The original description of the k-d tree recognized that rebalancing techniques, such as are used to build an AVL tree or a red-black tree, are not applicable to a k-d tree. Hence, in order to build a balanced k-d tree, it is necessary to find the median of the data for each recursive subdivision of those data. The sort or selection that is used to find the median for each subdivision strongly influences the computational complexity of building a k-d tree. This paper discusses an alternative algorithm that builds a balanced k-d tree by presorting the data in each of k dimensions prior to building the tree. It then preserves the order of these k sorts during tree construction and thereby avoids the requirement for any further sorting. Moreover, this algorithm is amenable to parallel execution via multiple threads. Compared to an algorithm that finds the median for each recursive subdivision, this presorting algorithm has equivalent performance for four dimensions and better performance for three or fewer dimensions.

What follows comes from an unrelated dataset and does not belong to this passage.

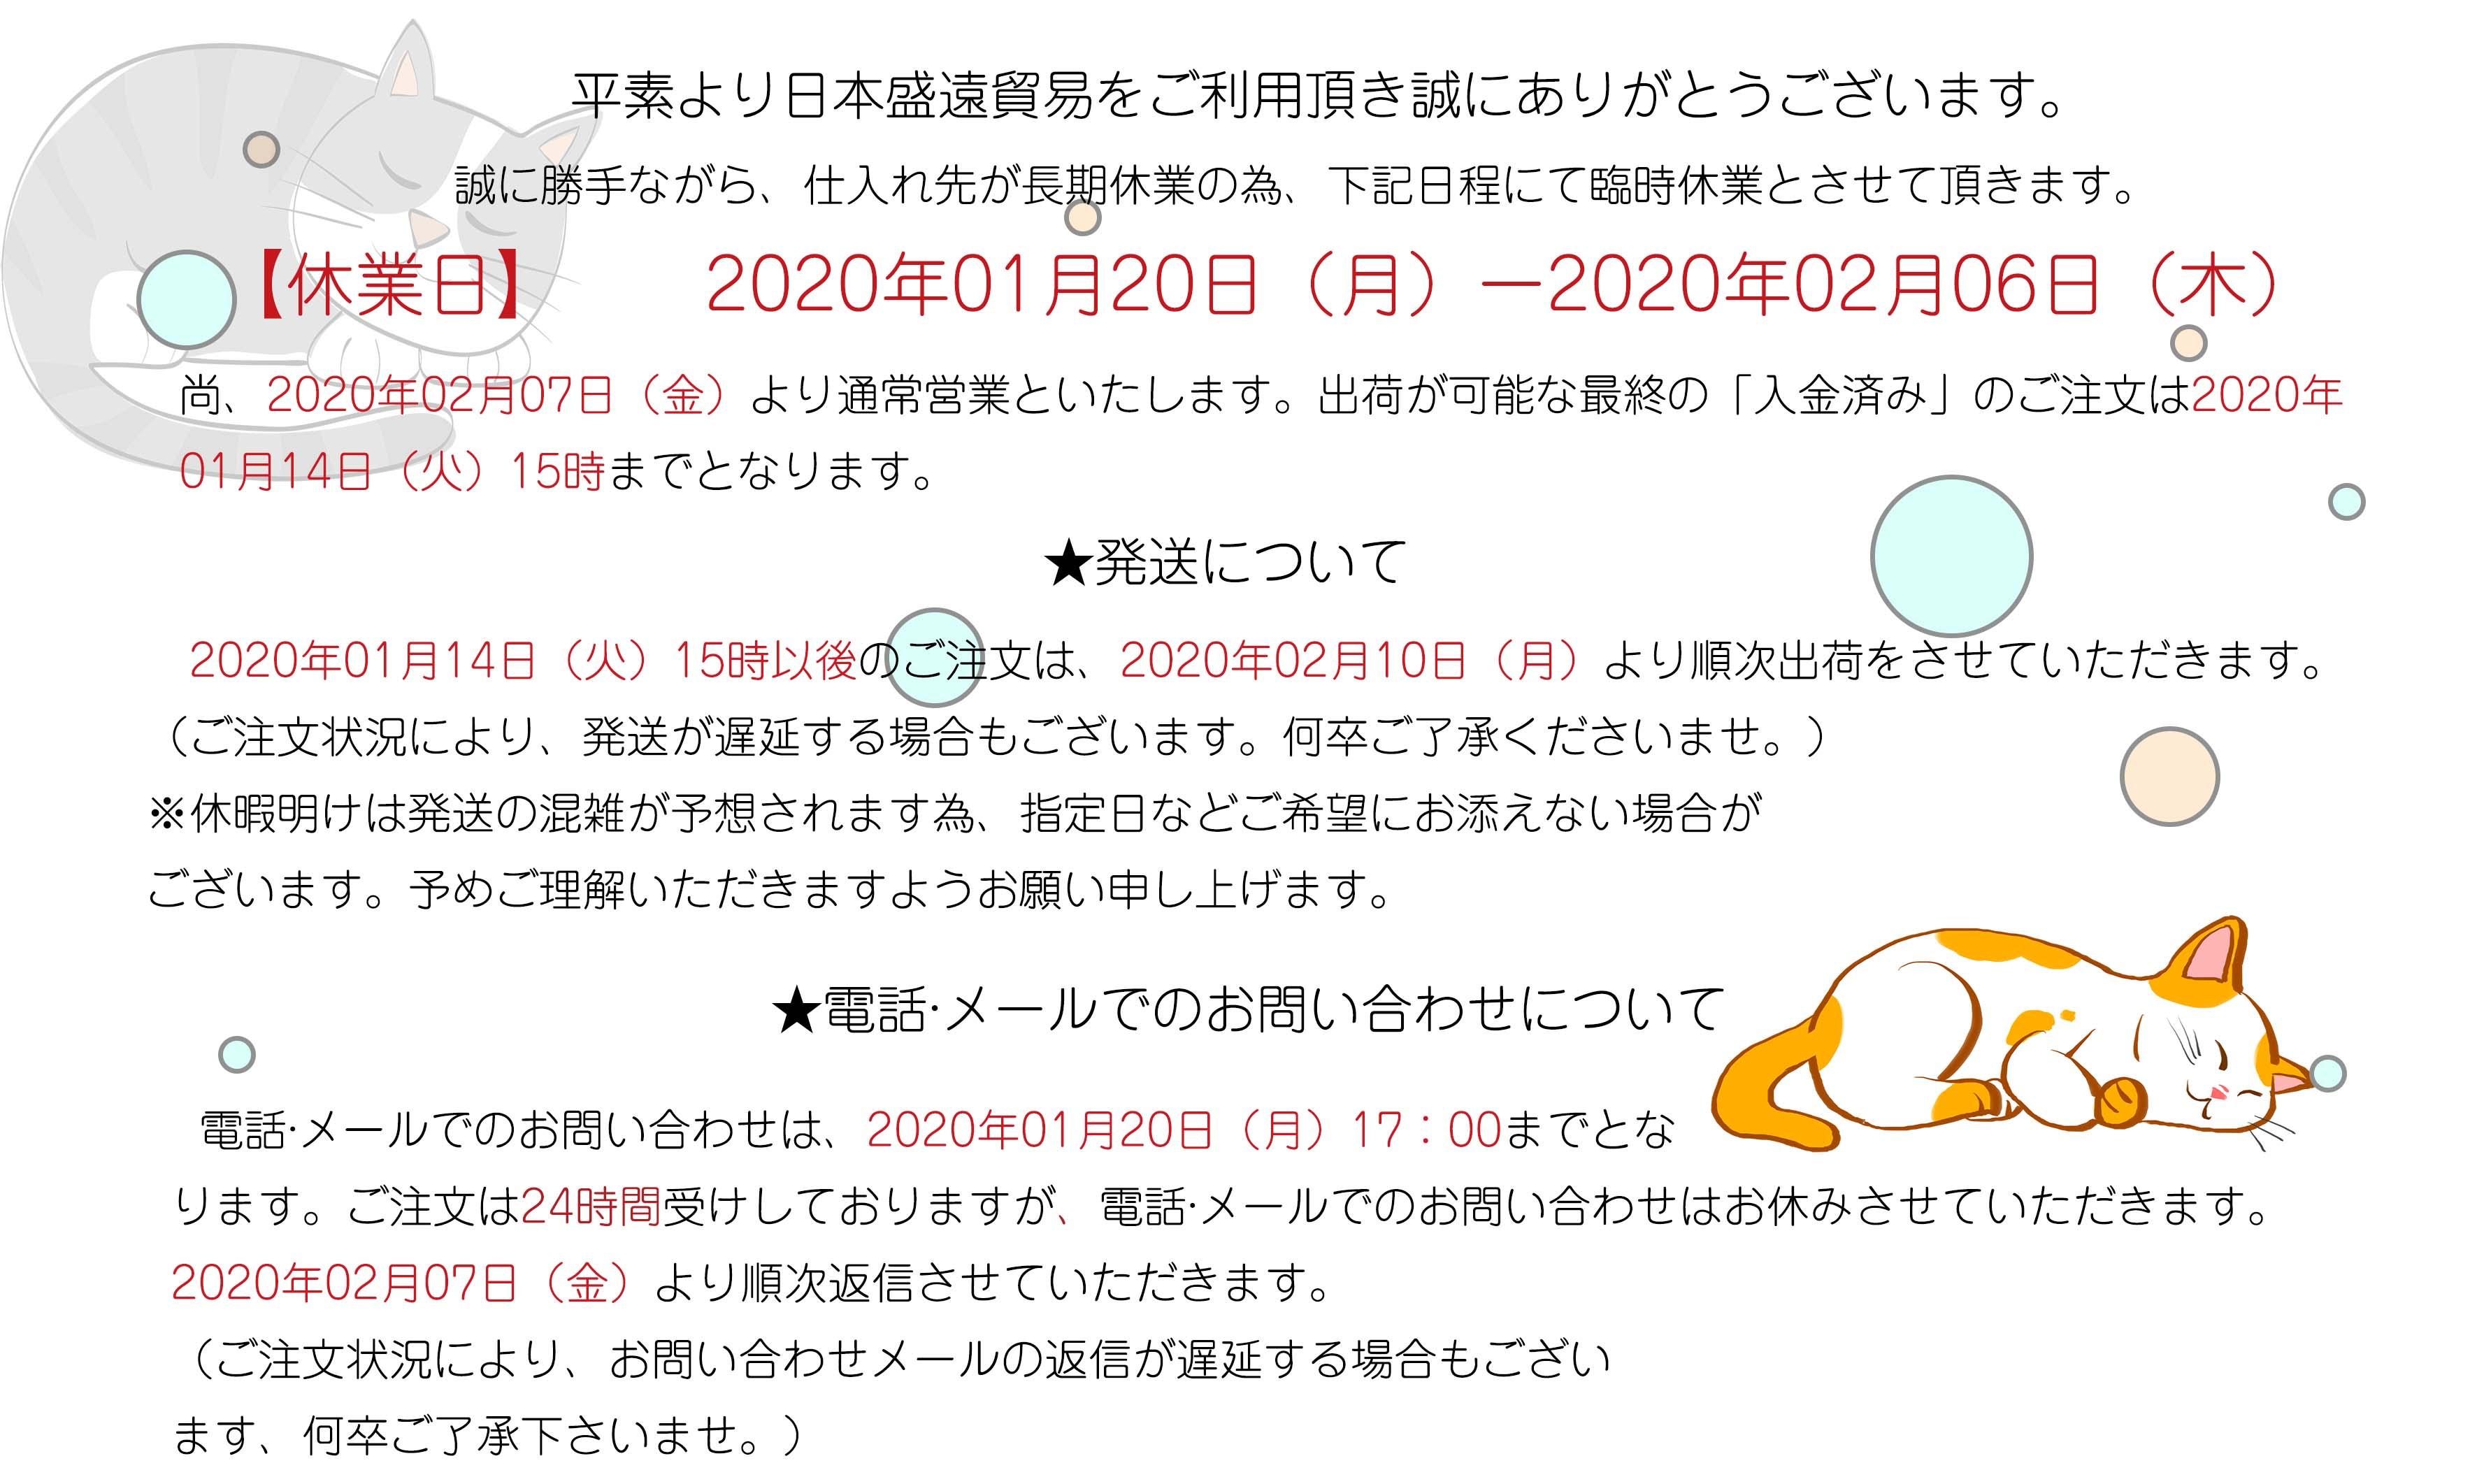 https://image.wowma.jp/45180896/200banner.jpg
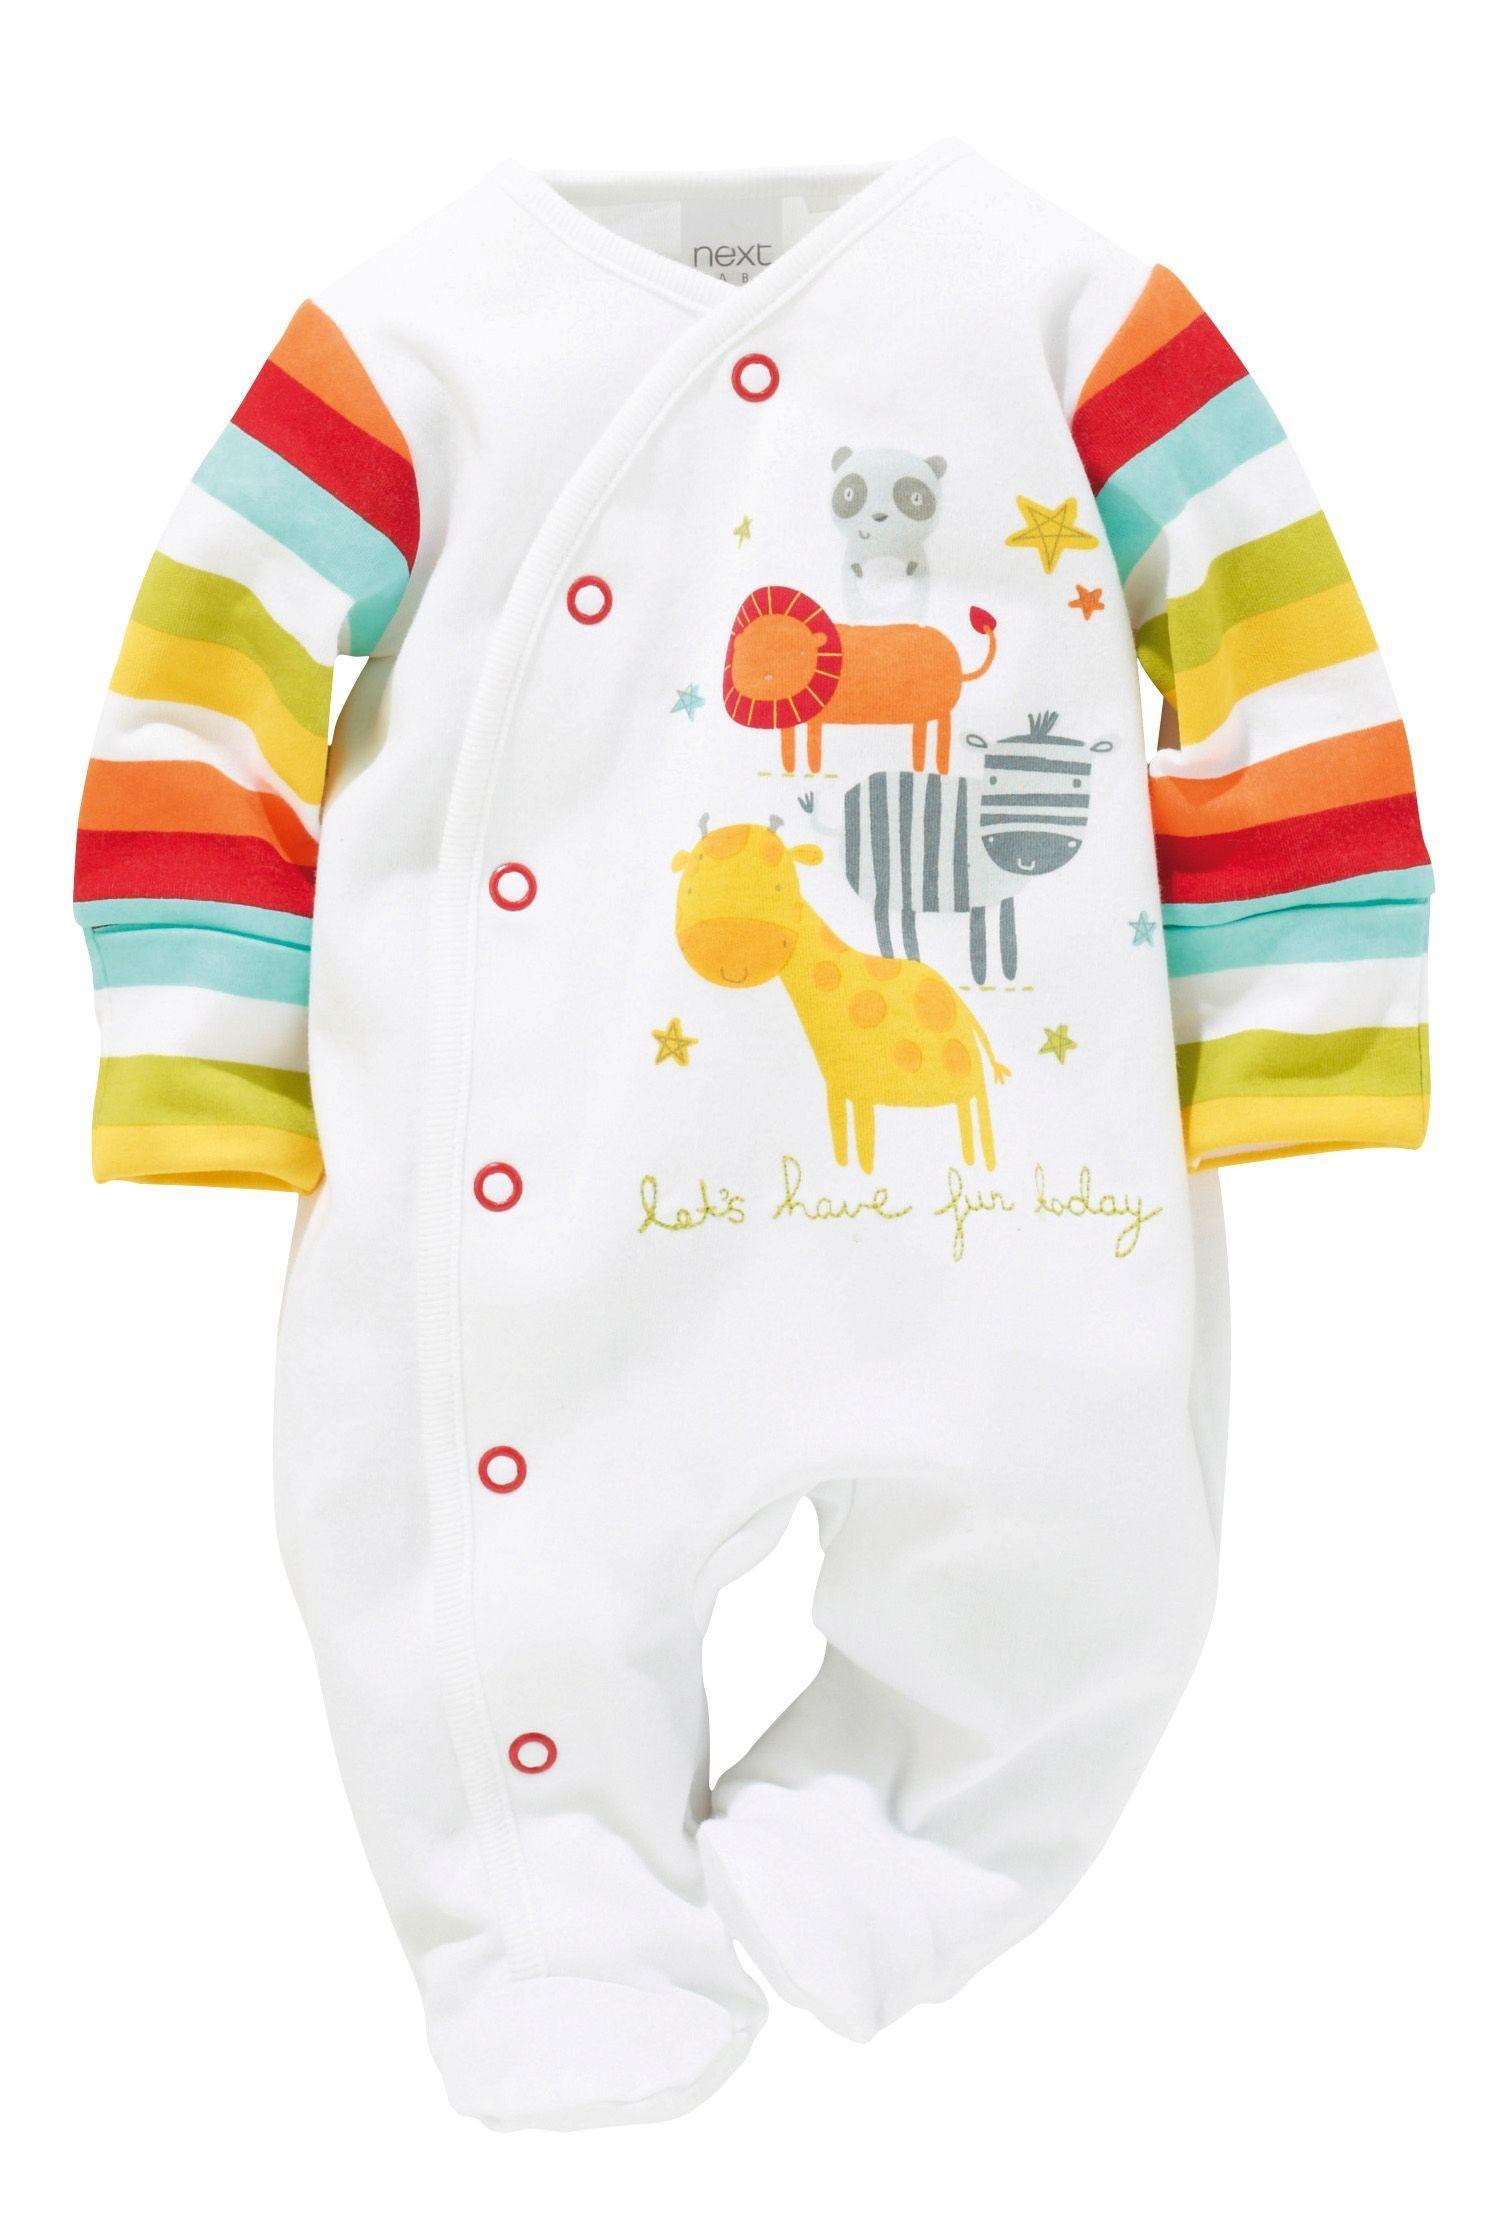 معرفة القراءة والكتابة رضا البولينج cheap baby clothes uk online

The original description of k-d trees recognized that rebalancing techniques used for AVL trees or red-black trees are not applicable to k-d trees. Therefore, to construct a balanced k-d tree, it is necessary to find the median for each recursive subdivision of the data. The sorting or selection algorithm used to find the median for each subdivision strongly influences the computational complexity of building a k-d tree. This paper discusses an alternative algorithm that constructs a balanced k-d tree by pre-sorting the data on each of the k dimensions before tree construction. The k sorted orders are then maintained during the tree-building process, thereby eliminating the need for further sorting. Furthermore, the algorithm is amenable to parallel execution via multithreading. Compared to algorithms that find the median for each recursive subdivision, this pre-sorting algorithm achieves equivalent performance in four dimensions and superior performance in three or fewer dimensions.
Importance of k-d Trees: The k-d tree is an important data structure introduced by Bentley in 1975 for storing k-dimensional data, with widespread applications in multidimensional search, nearest neighbor queries, range queries, and other scenarios.
Challenges of Balancing: Unlike standard binary trees, k-d trees use different keys for partitioning at different levels, making traditional rebalancing techniques (such as rotations in AVL or red-black trees) inapplicable to k-d trees.
Limitations of Existing Methods:
Traditional methods require finding the median at each recursive subdivision
Using Quicksort for median finding: O(n) best case, O(n²) worst case
Using Merge sort or Heap sort: guarantees O(n log n), but results in overall complexity of O(n log² n)
Blum et al.'s O(n) median algorithm, while theoretically excellent, is complex to implement
Input: A set of n k-dimensional data points
Output: A balanced k-d tree supporting efficient multidimensional search operations
Constraints: Maintain tree balance and avoid duplicate data points
Algorithm Flow:
1. Select the median element of the current dimension's index array as the partition point
2. Partition the index arrays of other dimensions by this partition point
3. Partition process maintains the sorted order within each array
4. Recursively process left and right sub-arrays, cycling through different dimensions
This paper cites 21 important references, covering:
Bentley's original k-d tree paper 4
Blum et al.'s linear-time median algorithm 6
Classical sorting algorithm literature 8,12,20
Related work on parallel computing and performance modeling 2,10
Applications in nearest neighbor search and reverse nearest neighbor 7,13
Overall Assessment: This is a high-quality algorithmic paper that proposes an innovative pre-sorting method in the field of k-d tree construction. The paper features rigorous theoretical analysis, comprehensive experimental design, and high practical value. While it has limitations in high-dimensional cases, it provides an effective solution for low-dimensional spatial data processing and holds significant reference value for related fields.